**WHAT IS NEEDED**
Leaving the pictures aside, return all of the data below exactly.

**INPUT DATA**
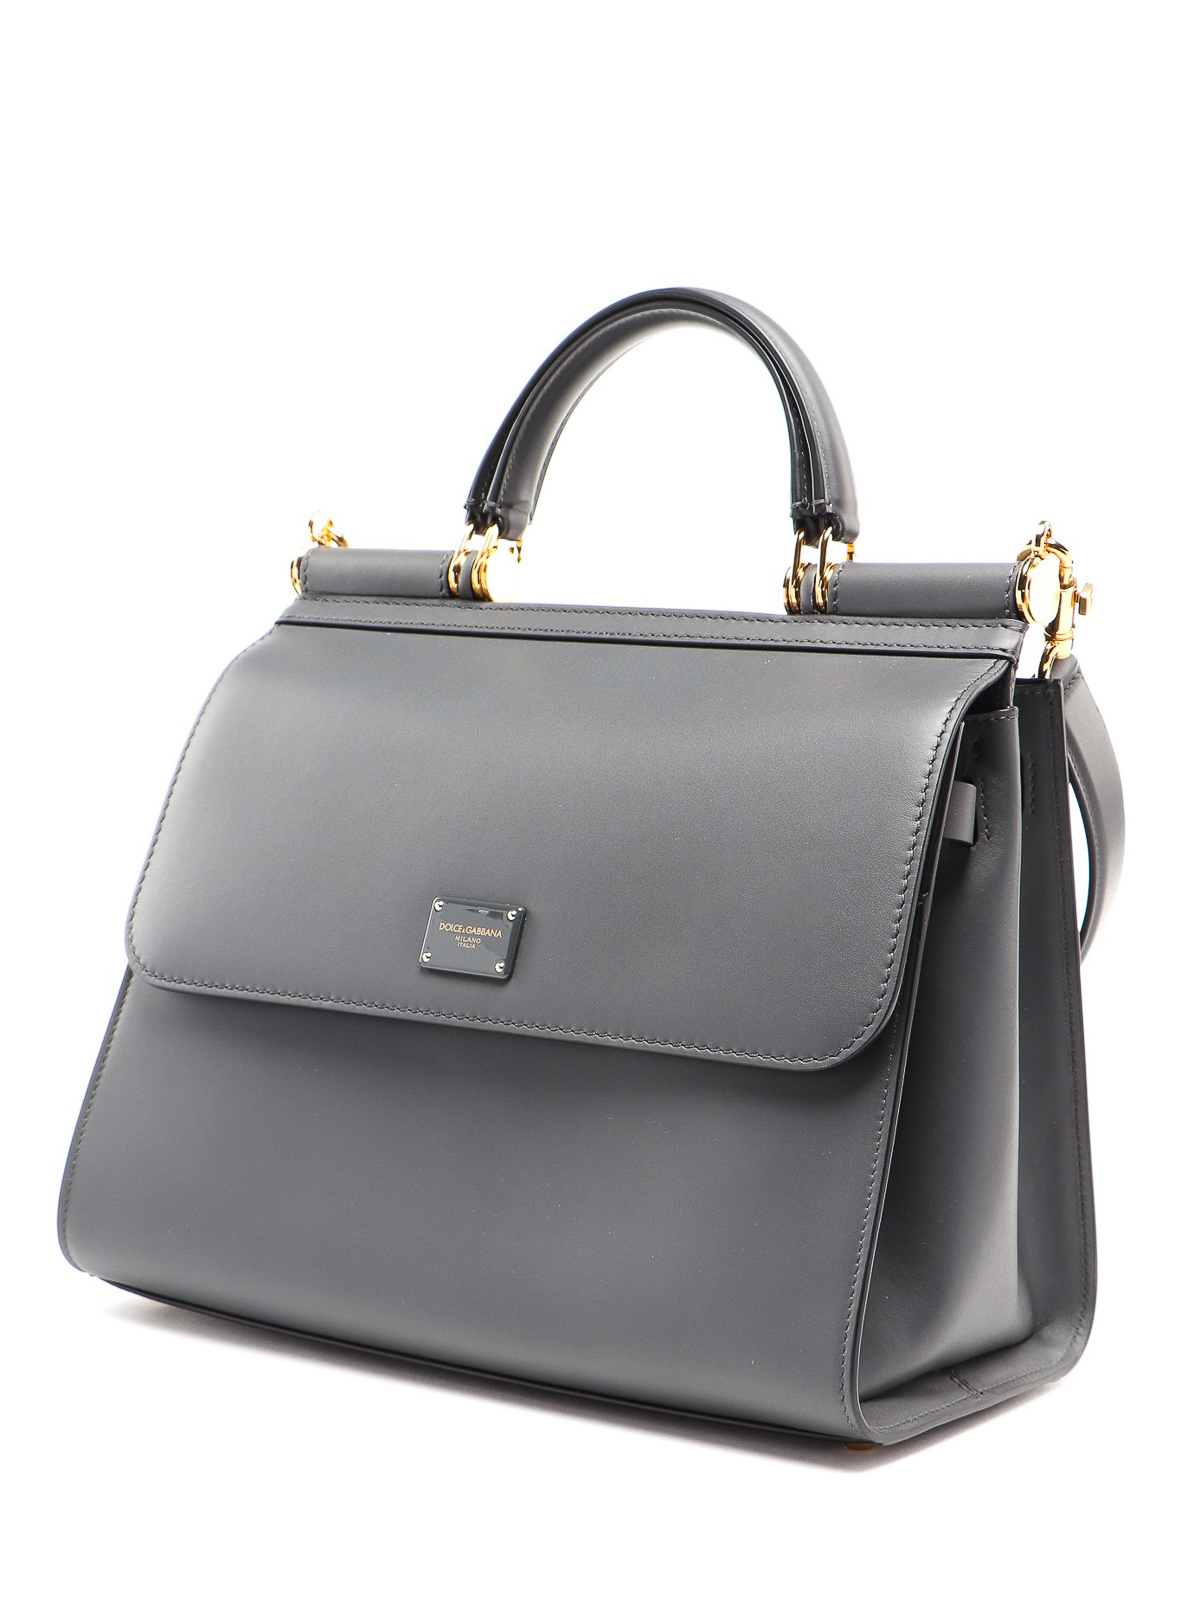 Dolce & Gabbana Sicily 58 Large Leather Bag in Gray
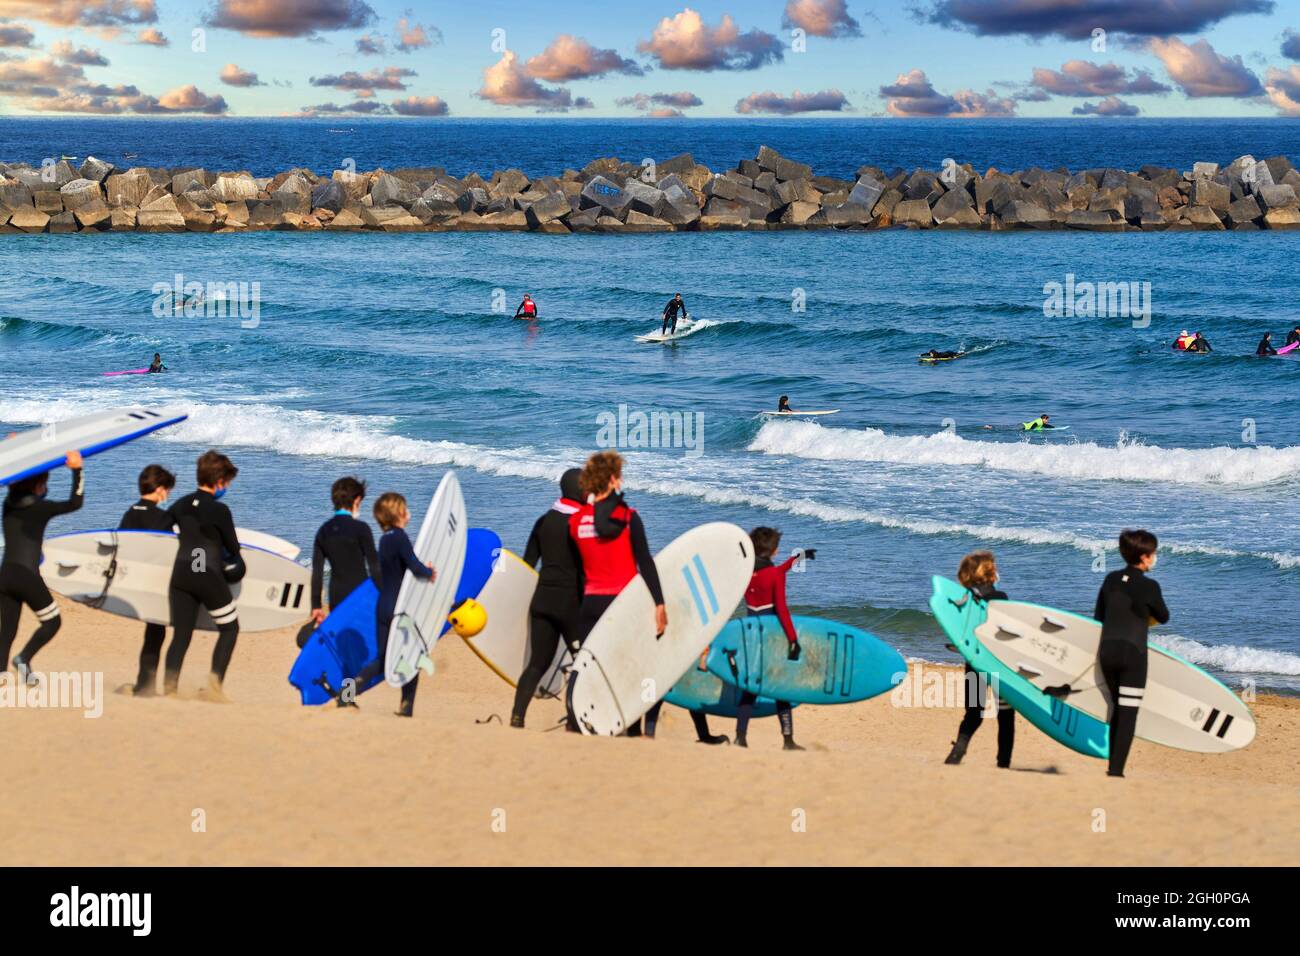 Group of young people take a surf lesson on La Zurriola beach, Donostia, San Sebastian, Basque Country, Spain, Europe. La Zurriola is the Stock Photo
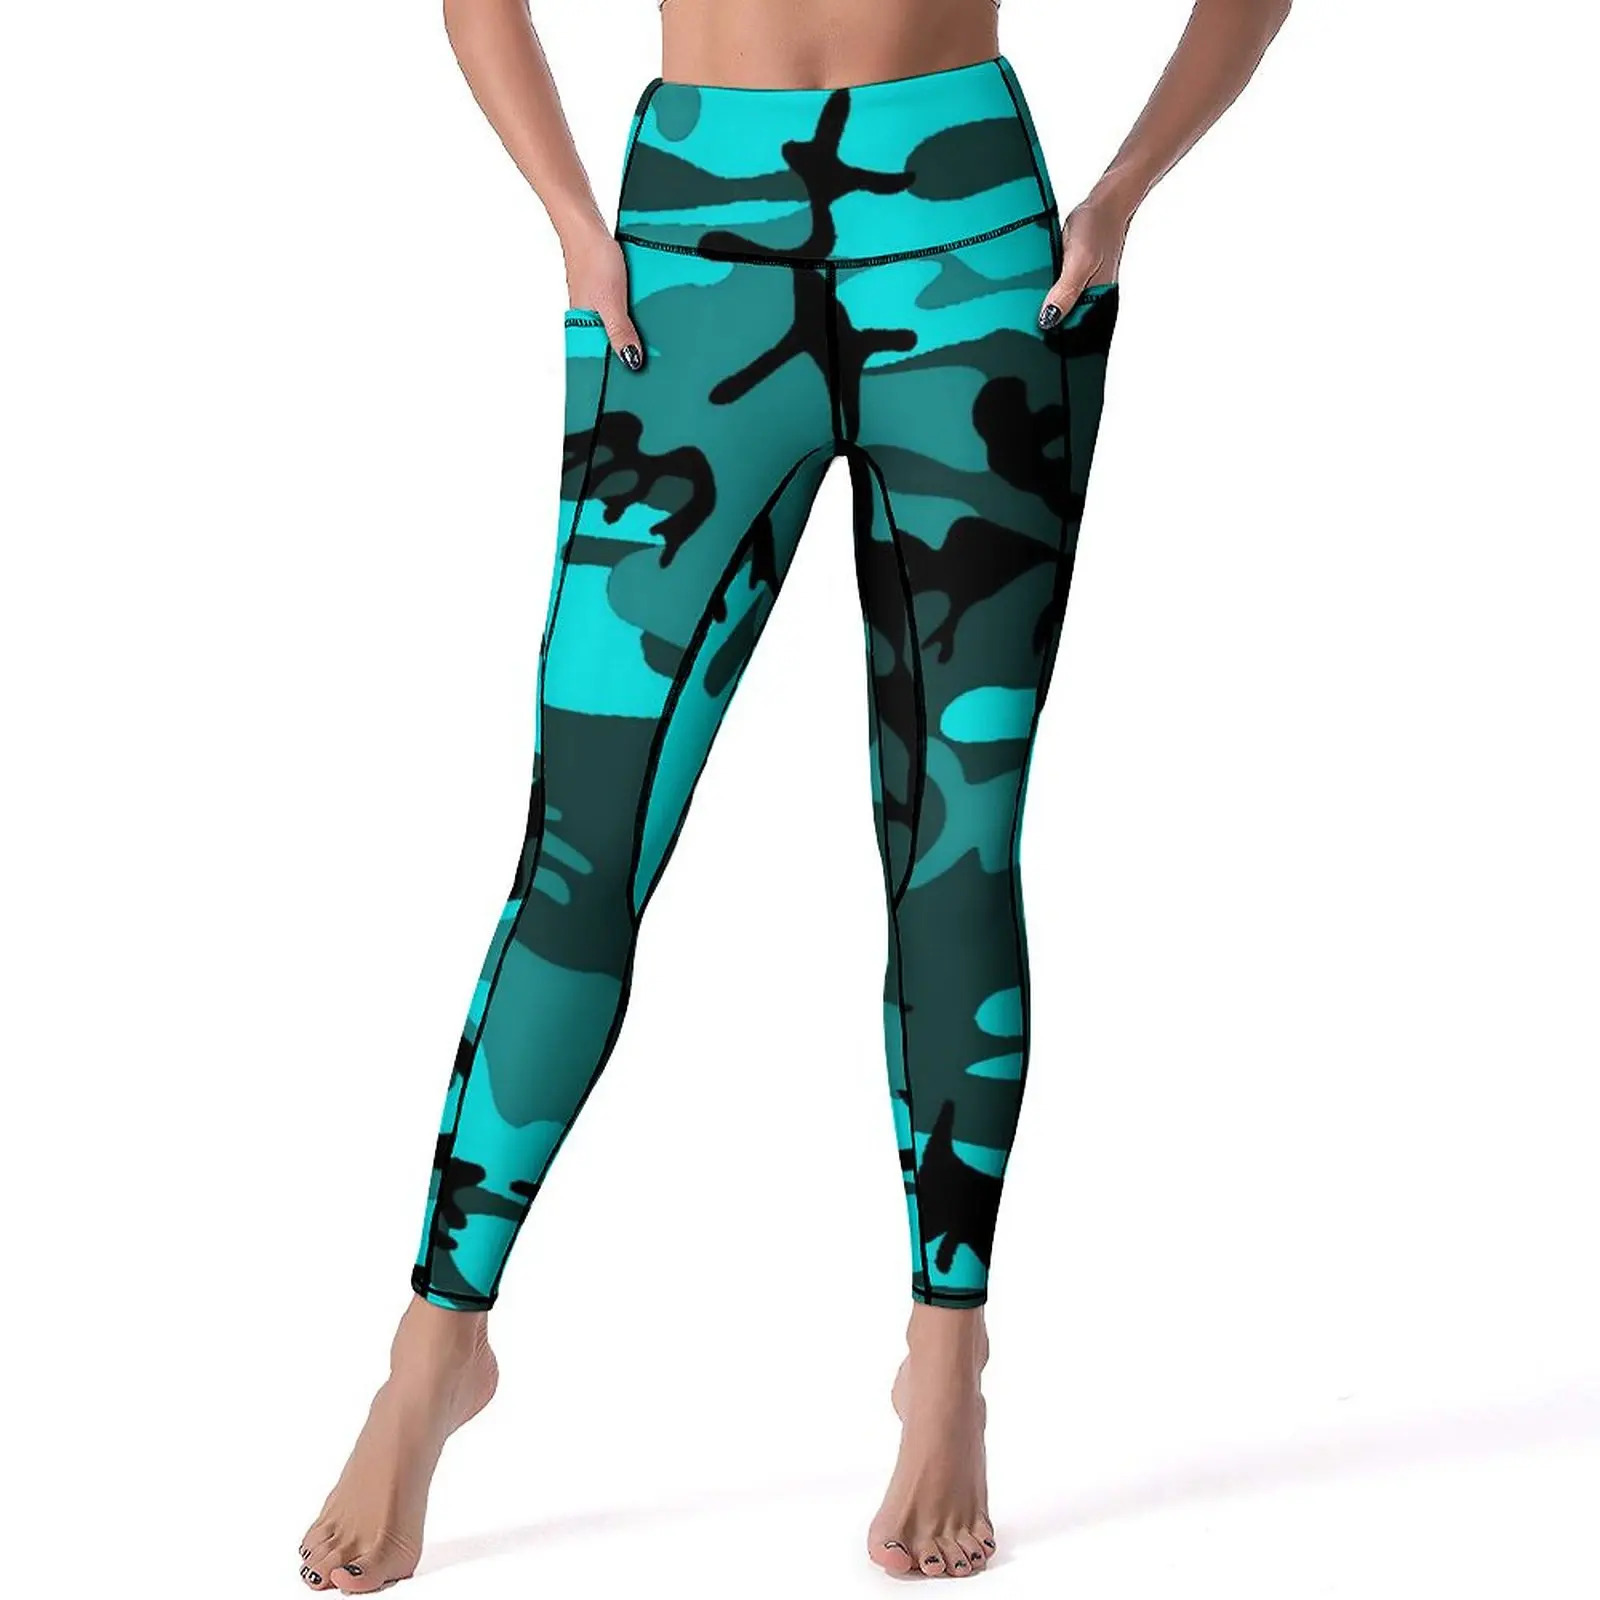 

Blue Camo Leggings Sexy Camouflage Print Push Up Yoga Pants Retro Stretchy Leggins Lady Graphic Workout Sports Tights

**TASK OUTPUT**
 Dolce & Gabbana Sicily 58 Large Leather Bag in Gray
 Group of young people take a surf lesson on La Zurriola beach, Donostia, San Sebastian, Basque Country, Spain, Europe. La Zurriola is the Stock Photo

Blue Camo Leggings Sexy Camouflage Print Push Up Yoga Pants Retro Stretchy Leggins Lady Graphic Workout Sports Tights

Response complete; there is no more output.